Task brief: Shown below is a listing with pictures; reproduce exactly, and only, the lines between the ones containing "Il ghiacciaio in" and "Odonil Zipper Blissful", inclusive, leaving the pictures out.

Data for this exercise:
○ ○ ○ ○ ○ ○ ○
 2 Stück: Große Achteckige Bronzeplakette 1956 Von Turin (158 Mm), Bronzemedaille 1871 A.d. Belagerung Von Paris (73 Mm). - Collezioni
○ ○ ○ ○ ○ ○ ○
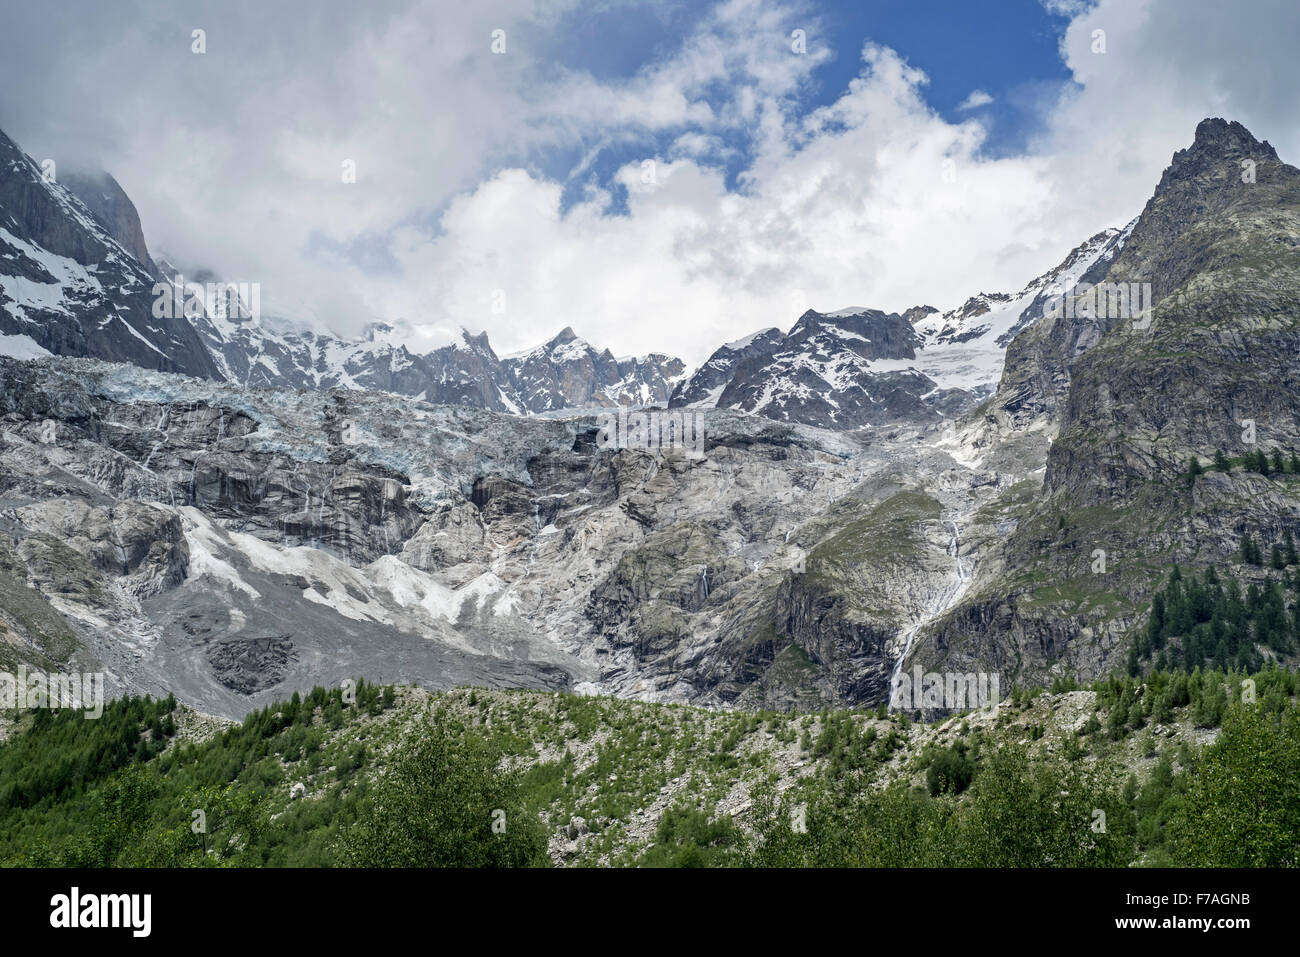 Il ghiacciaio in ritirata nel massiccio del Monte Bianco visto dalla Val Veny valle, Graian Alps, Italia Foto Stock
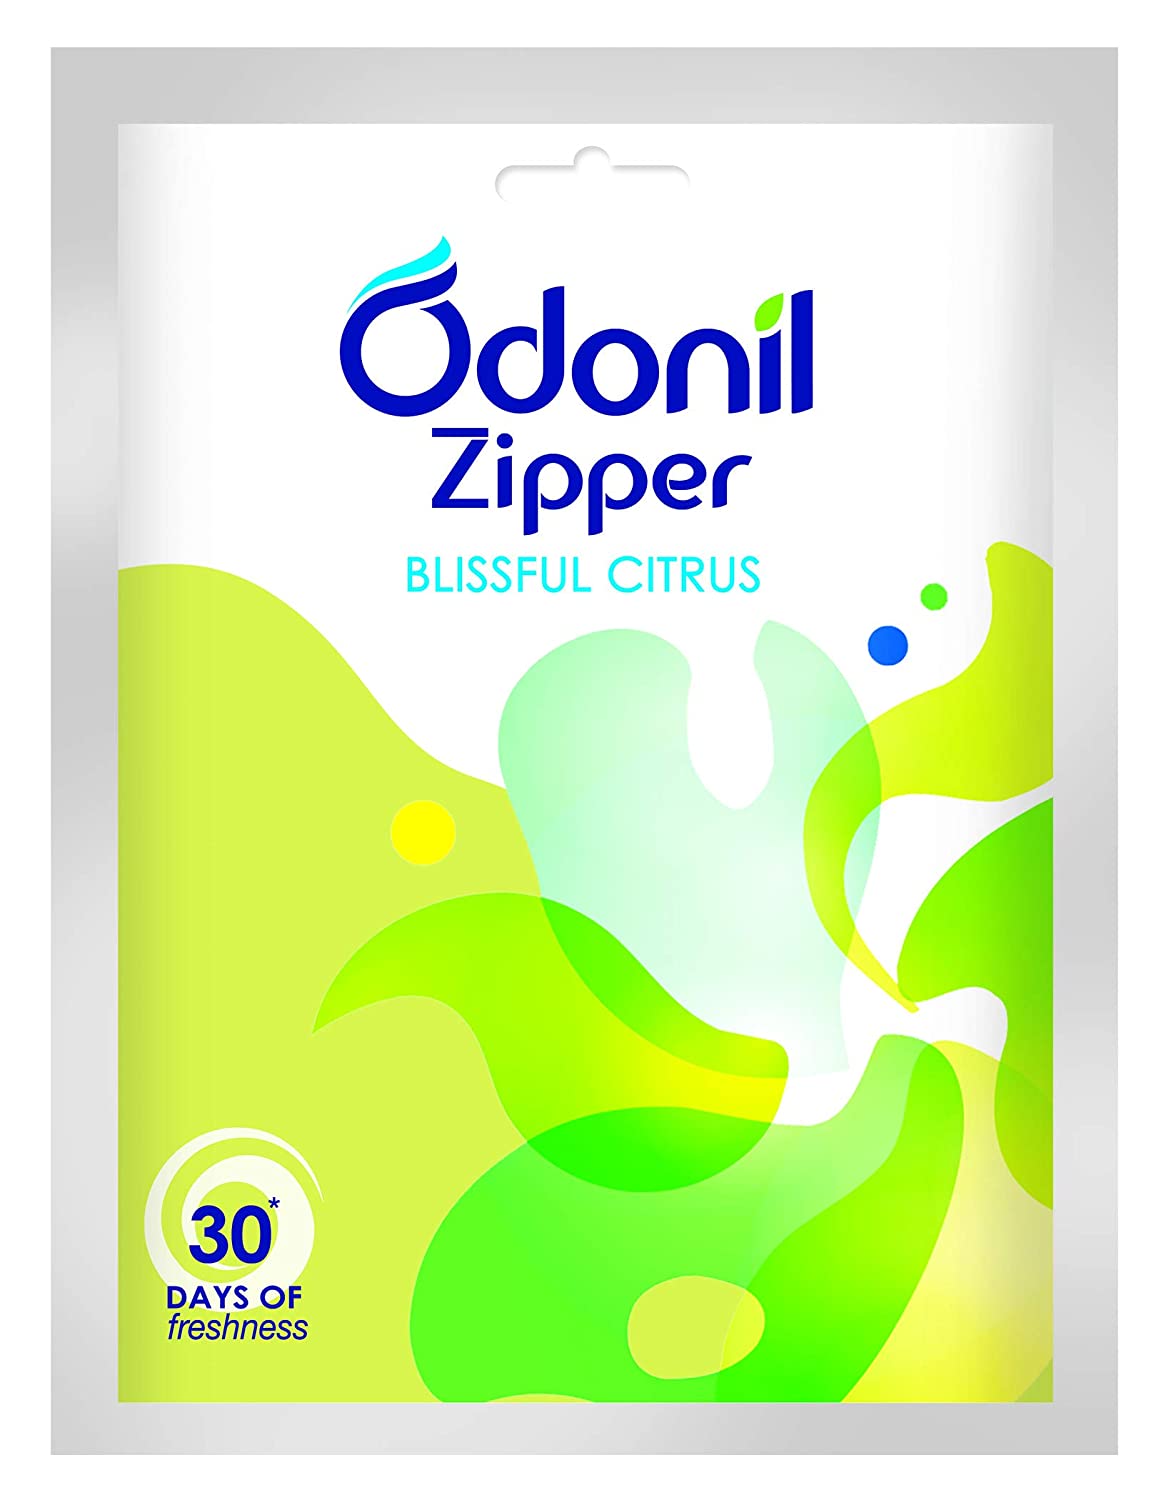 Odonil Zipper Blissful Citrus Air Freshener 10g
○ ○ ○ ○ ○ ○ ○
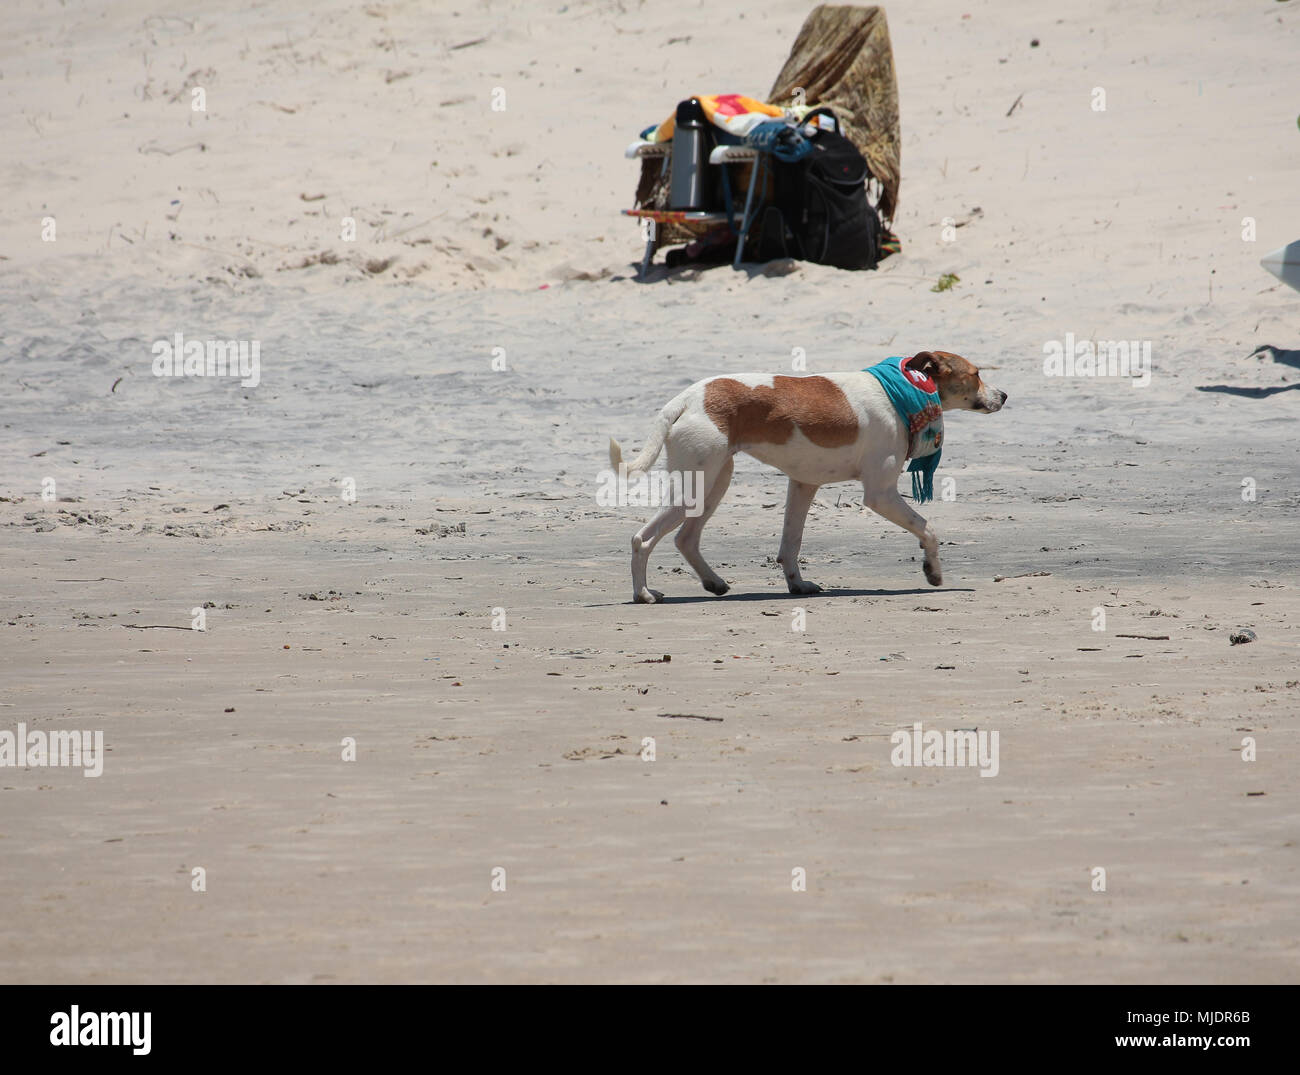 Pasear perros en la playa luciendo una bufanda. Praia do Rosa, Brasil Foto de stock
○ ○ ○ ○ ○ ○ ○
Reply to the exercise:
 Il ghiacciaio in ritirata nel massiccio del Monte Bianco visto dalla Val Veny valle, Graian Alps, Italia Foto Stock
 Odonil Zipper Blissful Citrus Air Freshener 10g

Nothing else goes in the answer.